Problem statement: Nothing should differ between your answer and the records.

....................

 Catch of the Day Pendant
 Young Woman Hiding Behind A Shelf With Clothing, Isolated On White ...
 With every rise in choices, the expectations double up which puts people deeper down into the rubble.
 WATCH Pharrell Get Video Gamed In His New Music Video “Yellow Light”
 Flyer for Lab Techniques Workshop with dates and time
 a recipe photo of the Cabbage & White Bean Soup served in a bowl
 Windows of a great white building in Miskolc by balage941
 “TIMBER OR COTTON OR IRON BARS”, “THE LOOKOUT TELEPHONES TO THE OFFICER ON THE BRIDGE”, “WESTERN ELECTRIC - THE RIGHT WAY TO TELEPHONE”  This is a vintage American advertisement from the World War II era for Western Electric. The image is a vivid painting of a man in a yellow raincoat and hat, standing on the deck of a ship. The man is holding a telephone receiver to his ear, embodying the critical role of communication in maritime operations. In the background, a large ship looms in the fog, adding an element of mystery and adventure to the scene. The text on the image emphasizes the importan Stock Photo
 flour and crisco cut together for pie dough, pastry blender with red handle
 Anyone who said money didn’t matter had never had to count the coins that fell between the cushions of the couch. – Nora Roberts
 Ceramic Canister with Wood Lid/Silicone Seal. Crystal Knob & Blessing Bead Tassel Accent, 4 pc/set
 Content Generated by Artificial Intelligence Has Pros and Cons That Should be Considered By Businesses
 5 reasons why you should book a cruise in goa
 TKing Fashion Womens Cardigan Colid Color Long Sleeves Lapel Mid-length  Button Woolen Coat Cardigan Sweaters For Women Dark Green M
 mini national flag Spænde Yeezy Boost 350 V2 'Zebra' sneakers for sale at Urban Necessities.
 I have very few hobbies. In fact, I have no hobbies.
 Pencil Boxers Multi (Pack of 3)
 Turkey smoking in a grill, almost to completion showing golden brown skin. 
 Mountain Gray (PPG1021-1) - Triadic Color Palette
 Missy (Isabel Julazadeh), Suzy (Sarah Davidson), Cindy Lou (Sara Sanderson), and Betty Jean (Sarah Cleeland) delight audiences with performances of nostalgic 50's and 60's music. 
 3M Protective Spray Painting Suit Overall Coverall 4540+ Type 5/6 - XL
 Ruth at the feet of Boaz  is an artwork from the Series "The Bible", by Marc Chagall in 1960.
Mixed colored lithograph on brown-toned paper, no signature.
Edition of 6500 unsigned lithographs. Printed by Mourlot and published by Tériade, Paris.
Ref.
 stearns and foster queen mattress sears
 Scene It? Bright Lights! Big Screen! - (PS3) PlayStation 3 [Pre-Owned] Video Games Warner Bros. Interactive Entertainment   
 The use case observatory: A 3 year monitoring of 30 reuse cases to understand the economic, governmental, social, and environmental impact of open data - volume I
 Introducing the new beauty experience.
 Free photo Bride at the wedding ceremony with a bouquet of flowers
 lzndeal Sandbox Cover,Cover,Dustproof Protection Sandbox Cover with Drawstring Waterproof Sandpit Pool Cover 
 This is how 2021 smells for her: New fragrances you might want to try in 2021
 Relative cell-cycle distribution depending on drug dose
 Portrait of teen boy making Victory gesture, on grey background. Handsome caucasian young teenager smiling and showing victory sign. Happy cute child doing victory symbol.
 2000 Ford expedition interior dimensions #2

....................

Your response:
 Catch of the Day Pendant
 Young Woman Hiding Behind A Shelf With Clothing, Isolated On White ...
 With every rise in choices, the expectations double up which puts people deeper down into the rubble.
 WATCH Pharrell Get Video Gamed In His New Music Video “Yellow Light”
 Flyer for Lab Techniques Workshop with dates and time
 a recipe photo of the Cabbage & White Bean Soup served in a bowl
 Windows of a great white building in Miskolc by balage941
 “TIMBER OR COTTON OR IRON BARS”, “THE LOOKOUT TELEPHONES TO THE OFFICER ON THE BRIDGE”, “WESTERN ELECTRIC - THE RIGHT WAY TO TELEPHONE”  This is a vintage American advertisement from the World War II era for Western Electric. The image is a vivid painting of a man in a yellow raincoat and hat, standing on the deck of a ship. The man is holding a telephone receiver to his ear, embodying the critical role of communication in maritime operations. In the background, a large ship looms in the fog, adding an element of mystery and adventure to the scene. The text on the image emphasizes the importan Stock Photo
 flour and crisco cut together for pie dough, pastry blender with red handle
 Anyone who said money didn’t matter had never had to count the coins that fell between the cushions of the couch. – Nora Roberts
 Ceramic Canister with Wood Lid/Silicone Seal. Crystal Knob & Blessing Bead Tassel Accent, 4 pc/set
 Content Generated by Artificial Intelligence Has Pros and Cons That Should be Considered By Businesses
 5 reasons why you should book a cruise in goa
 TKing Fashion Womens Cardigan Colid Color Long Sleeves Lapel Mid-length  Button Woolen Coat Cardigan Sweaters For Women Dark Green M
 mini national flag Spænde Yeezy Boost 350 V2 'Zebra' sneakers for sale at Urban Necessities.
 I have very few hobbies. In fact, I have no hobbies.
 Pencil Boxers Multi (Pack of 3)
 Turkey smoking in a grill, almost to completion showing golden brown skin. 
 Mountain Gray (PPG1021-1) - Triadic Color Palette
 Missy (Isabel Julazadeh), Suzy (Sarah Davidson), Cindy Lou (Sara Sanderson), and Betty Jean (Sarah Cleeland) delight audiences with performances of nostalgic 50's and 60's music. 
 3M Protective Spray Painting Suit Overall Coverall 4540+ Type 5/6 - XL
 Ruth at the feet of Boaz  is an artwork from the Series "The Bible", by Marc Chagall in 1960.
Mixed colored lithograph on brown-toned paper, no signature.
Edition of 6500 unsigned lithographs. Printed by Mourlot and published by Tériade, Paris.
Ref.
 stearns and foster queen mattress sears
 Scene It? Bright Lights! Big Screen! - (PS3) PlayStation 3 [Pre-Owned] Video Games Warner Bros. Interactive Entertainment   
 The use case observatory: A 3 year monitoring of 30 reuse cases to understand the economic, governmental, social, and environmental impact of open data - volume I
 Introducing the new beauty experience.
 Free photo Bride at the wedding ceremony with a bouquet of flowers
 lzndeal Sandbox Cover,Cover,Dustproof Protection Sandbox Cover with Drawstring Waterproof Sandpit Pool Cover 
 This is how 2021 smells for her: New fragrances you might want to try in 2021
 Relative cell-cycle distribution depending on drug dose
 Portrait of teen boy making Victory gesture, on grey background. Handsome caucasian young teenager smiling and showing victory sign. Happy cute child doing victory symbol.
 2000 Ford expedition interior dimensions #2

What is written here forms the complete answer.